Please scroll down for written guidelines for doing these exercises included for our hearing impaired viewers.

These 4 Physiotherapist-guided back exercises are designed to:
*Improve posture
*Recover back strength
*Reduce neck and back strain
*Prevent back injury

Back Exercises Suitability

These back strengthening exercises are suited to healthy individuals seeking gentle upper and lower back strengthening exercises.

This Physiotherapist video consists of:
*2 upper back exercises
*2 lower back exercises

No single back exercise program can suit everyone. If you have and existing back problem or back pain seek the approval of your health care provider before commencing new back exercises. In the unlikely event you experience any back discomfort associated with any of these exercises cease that exercise.

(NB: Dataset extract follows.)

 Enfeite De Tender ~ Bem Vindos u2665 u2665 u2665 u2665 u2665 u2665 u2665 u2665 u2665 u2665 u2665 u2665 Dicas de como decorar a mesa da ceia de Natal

Description of these 4 Back Exercises

Upper Back Exercise 1: Push Back

Push back exercises promote good posture. These exercises are designed to strengthen the muscles in the middle back (between the shoulder blades)

*Starting Position
*Lying down prone
*Place a pillow under your pelvis. Positioning a pillow or cushion under your pelvis can help to reduce the risk of lower back discomfort when doing exercises in prone position. This is recommended but not essential if your back feels comfortable without a support.
*Position your arms by your sides with your palms facing your thighs
*Tuck your chin towards your chest so that your forehead touches the mat. Always keep your chin tucked in and your forehead supported when doing exercises lying down prone on the mat. This will help you to minimise your risk or neck pain or neck injury.

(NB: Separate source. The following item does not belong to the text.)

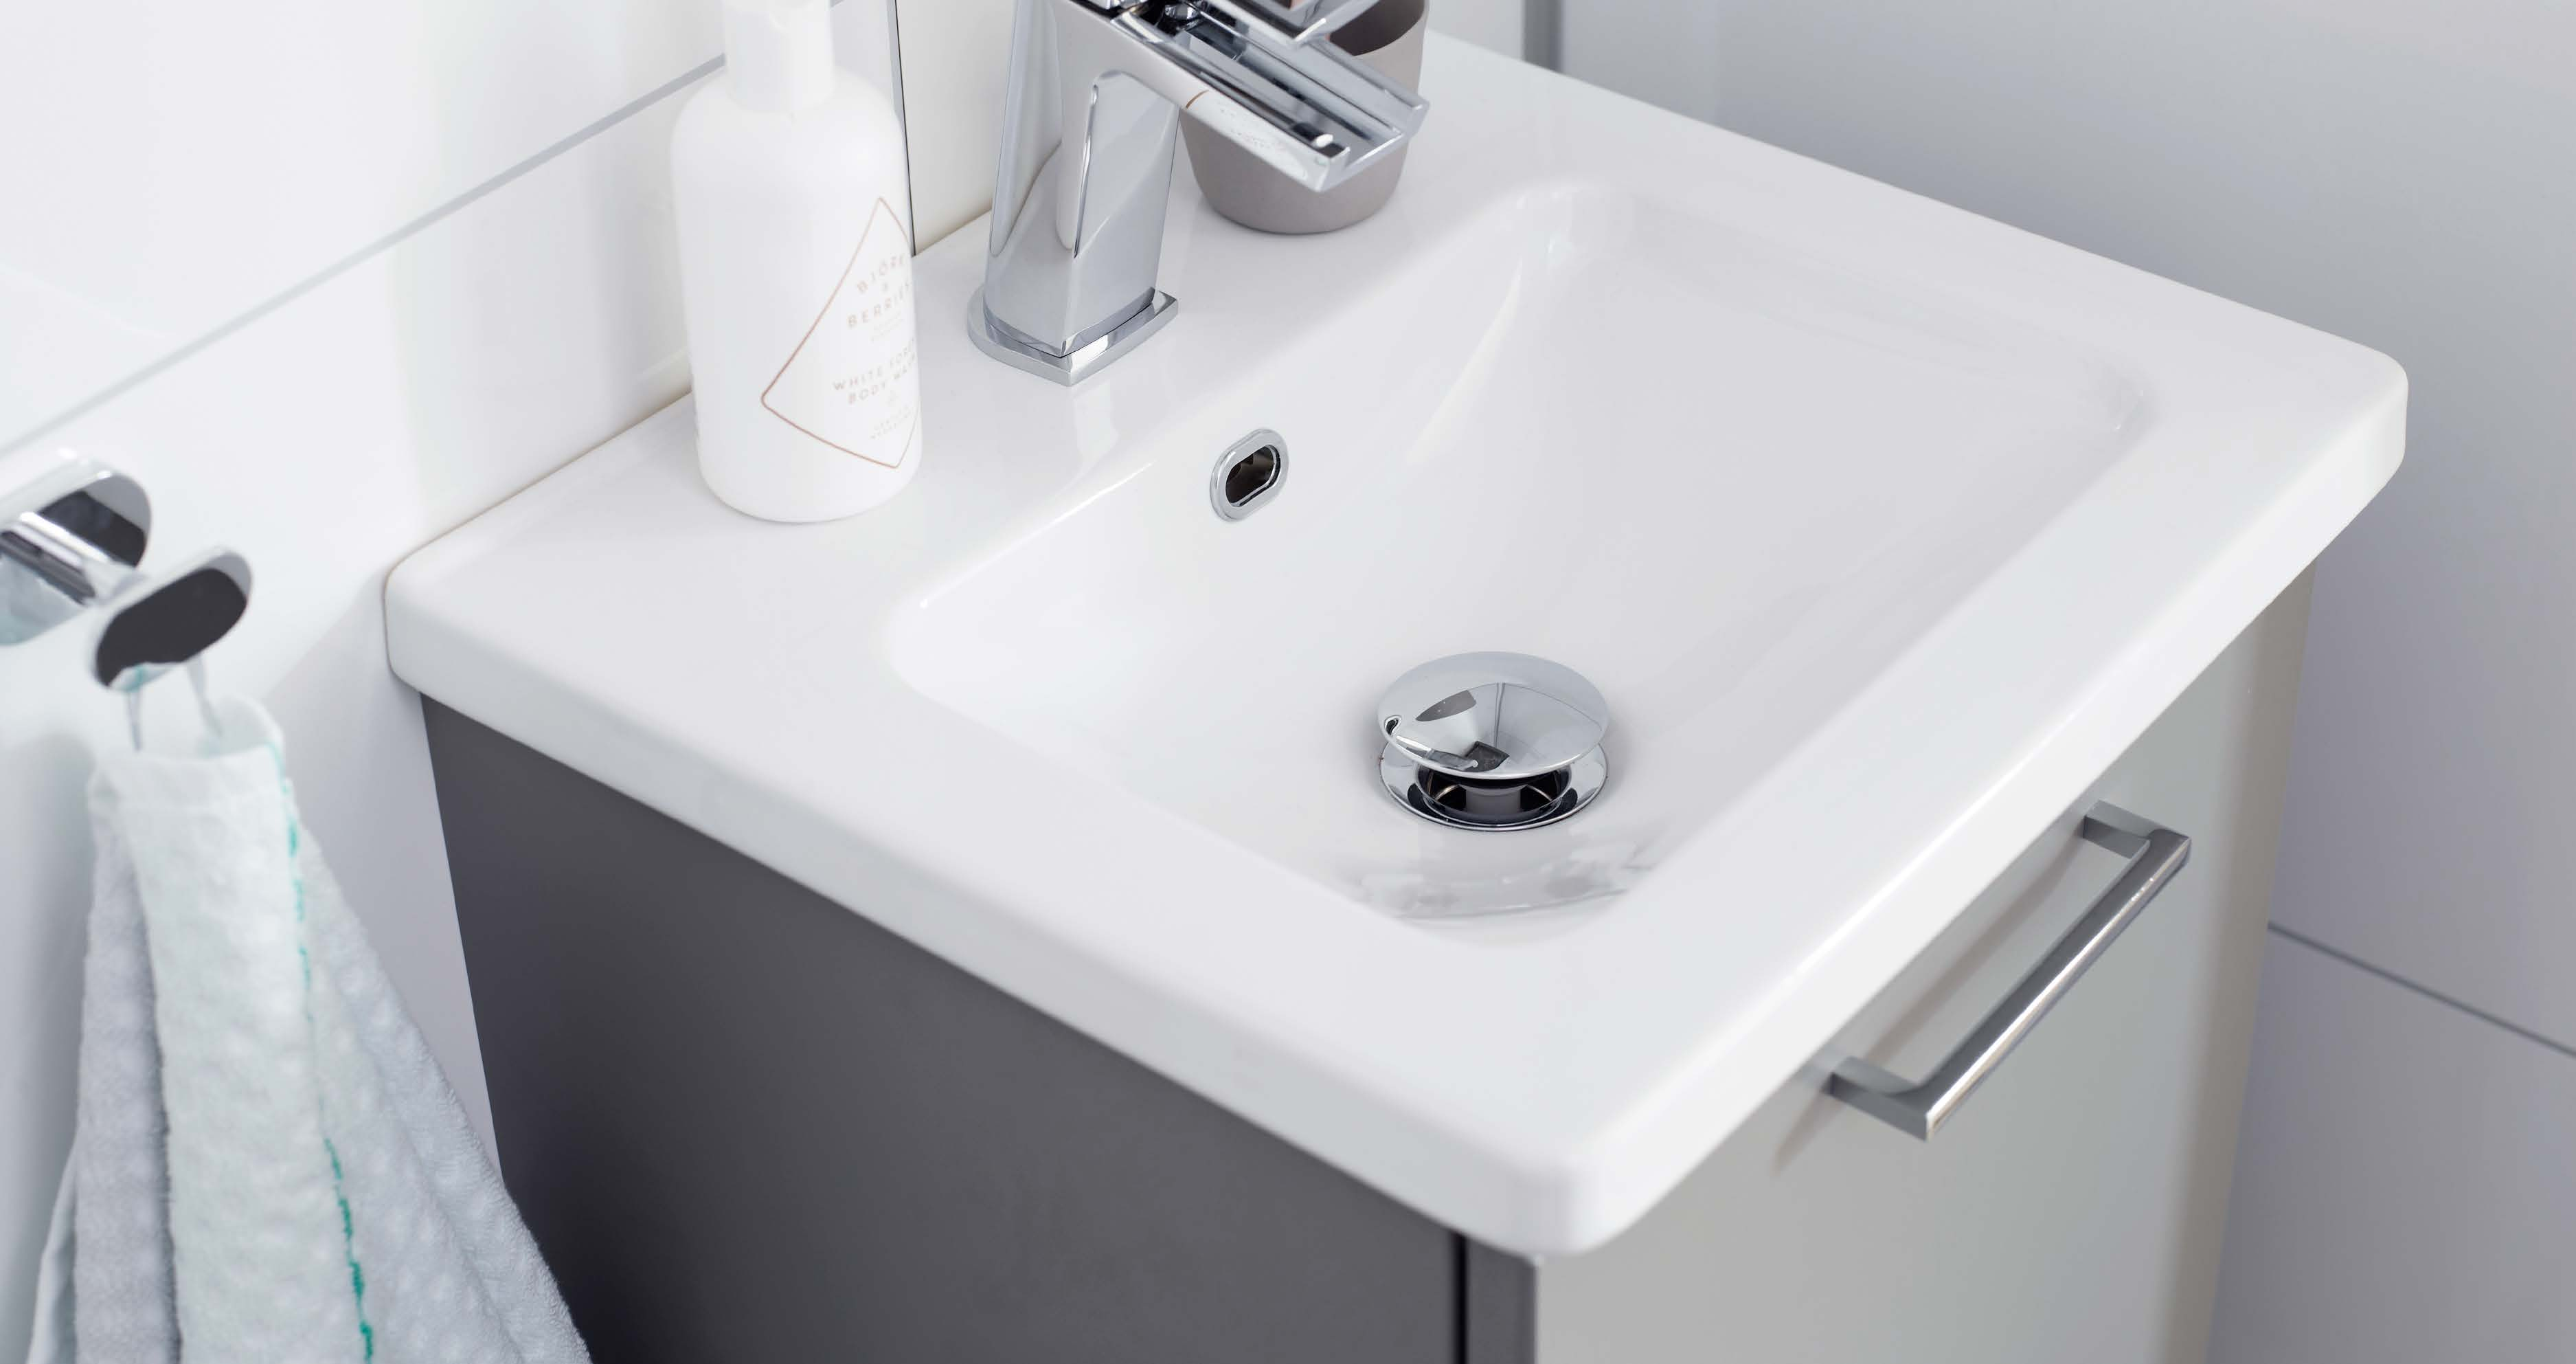 Trendig design för det lilla badrummet - Nytt kök badrum och ...

*Keep your arms extended and raise them backwards
*Draw your shoulder girdles back and down
*Slowly lower both arms back to the mat
*Keep both feet in contact with the ground
*Repeat up to 10 times in a row

Upper Back Exercise 2: Stop Sign Exercise

Stop sign promotes back strengthening for upright posture. It strengthens the middle back and back of shoulders.

*Starting Position
*Start lying down prone
*Place a cushion or pillow under your pelvis
*Position your arms palms facing down and elbows out from your trunk
*Bend your shoulders and elbows to right angles. If you are prone to shoulder problems keep your elbows close to the sides of your trunk or avoid this exercise in favor of push back exercises.
*Tuck your chin so that your forehead remains in contact with the mat
*Keep both feet in contact with the ground throughout

*Squeeze your shoulder blades together
*Raise your elbows and wrists backwards away from the ground
*Return your arms back to the ground
*Repeat up to 10 exercises in a row

Lower Back Exercise 1: Lower Back Extension
This exercise strengthens the lower back muscles and spine.

*Start lying down prone
*Position a cushion or pillow under your pelvis
*Place your arms by your sides
*Tuck your chin and keep your forehead in contact with the mat
*Keep both feet in contact with the ground throughout

*Raise your shoulders and chest just off the mat. If you are prone to lower back pain avoid raising your trunk too far from the ground.
*Lower your body slowly back down to the mat
*Take a moment to recover before your next repetition
*Repeat up to 10 exercises in a row

Lower Back Exercise 2: Alternate Arm and Leg Raises (Superman Exercise)

Alternate arm and leg raises strengthen the core spinal and the deep abdominal muscles. This lying down variation is a great alternative to the kneeling version for beginners, individuals with knee pain or unstable pelvic conditions.

*Start lying down prone
*Position a cushion or pillow under your pelvis
*Extend both arms in front of your body and in contact with the mat
*Keep your chin tucked so that your forehead touches the mat

*Gently engage your deep abdominal muscles
*Slowly raise one arm and the opposite leg just off the mat. If your shoulders are sore you may prefer to avoid the arm raises and focus on the leg raises only
*Avoid raising the leg too high from the ground – high leg raises have potential to increase strain on the joints in the lower back
*Lower both limbs slowly back to the ground
*Relax your core abdominal muscles
*Repeat this action using the opposite arm and leg
*Repeat up to 10 alternate arm and leg raises

These 4 basic back exercises will help strengthen your lower back muscles – get down and get started now!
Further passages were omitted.